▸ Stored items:

== Segment start ==

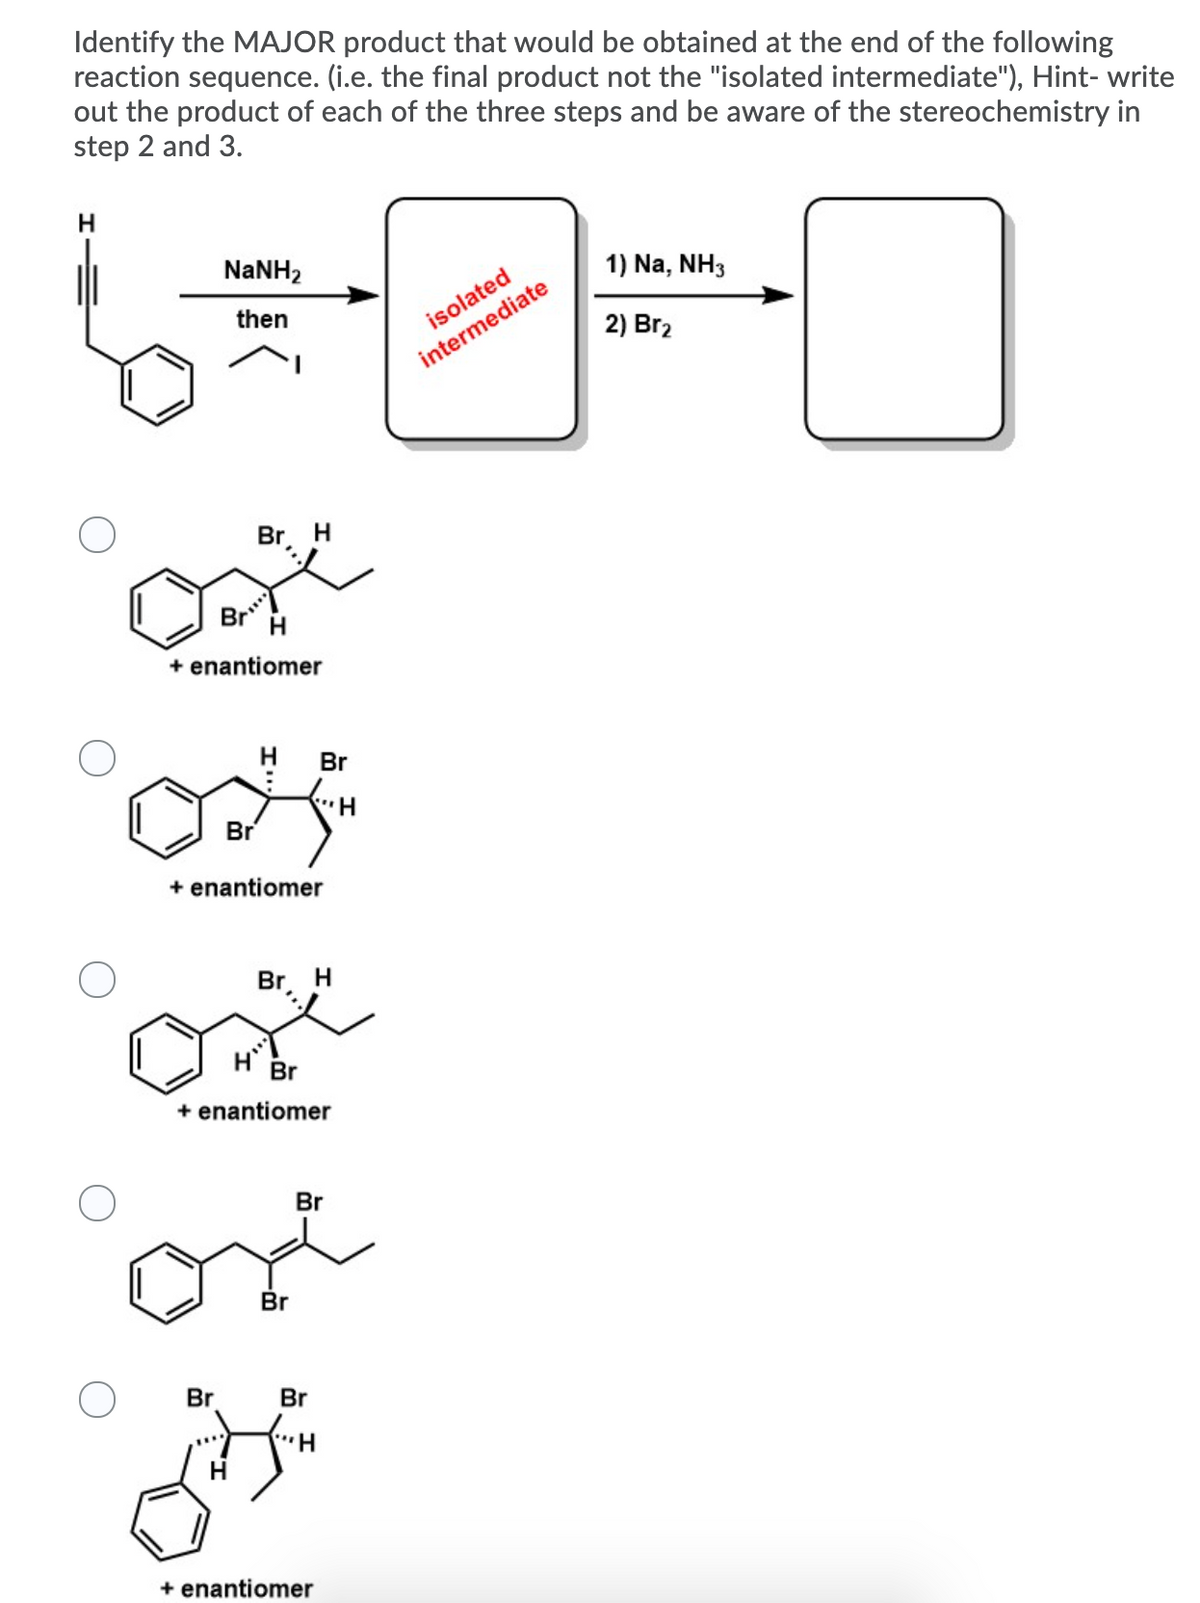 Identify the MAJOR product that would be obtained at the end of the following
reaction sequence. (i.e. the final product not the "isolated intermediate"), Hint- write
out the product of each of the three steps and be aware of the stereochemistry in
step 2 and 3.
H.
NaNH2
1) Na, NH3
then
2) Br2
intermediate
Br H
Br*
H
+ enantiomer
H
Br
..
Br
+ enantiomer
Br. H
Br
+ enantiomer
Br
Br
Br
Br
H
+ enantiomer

== Segment end ==

▸ Problem description: I'd like every record transcribed exactly, with no pictures carried over.

▸ Result below:
 Identify the MAJOR product that would be obtained at the end of the following
reaction sequence. (i.e. the final product not the "isolated intermediate"), Hint- write
out the product of each of the three steps and be aware of the stereochemistry in
step 2 and 3.
H.
NaNH2
1) Na, NH3
then
2) Br2
intermediate
Br H
Br*
H
+ enantiomer
H
Br
..
Br
+ enantiomer
Br. H
Br
+ enantiomer
Br
Br
Br
Br
H
+ enantiomer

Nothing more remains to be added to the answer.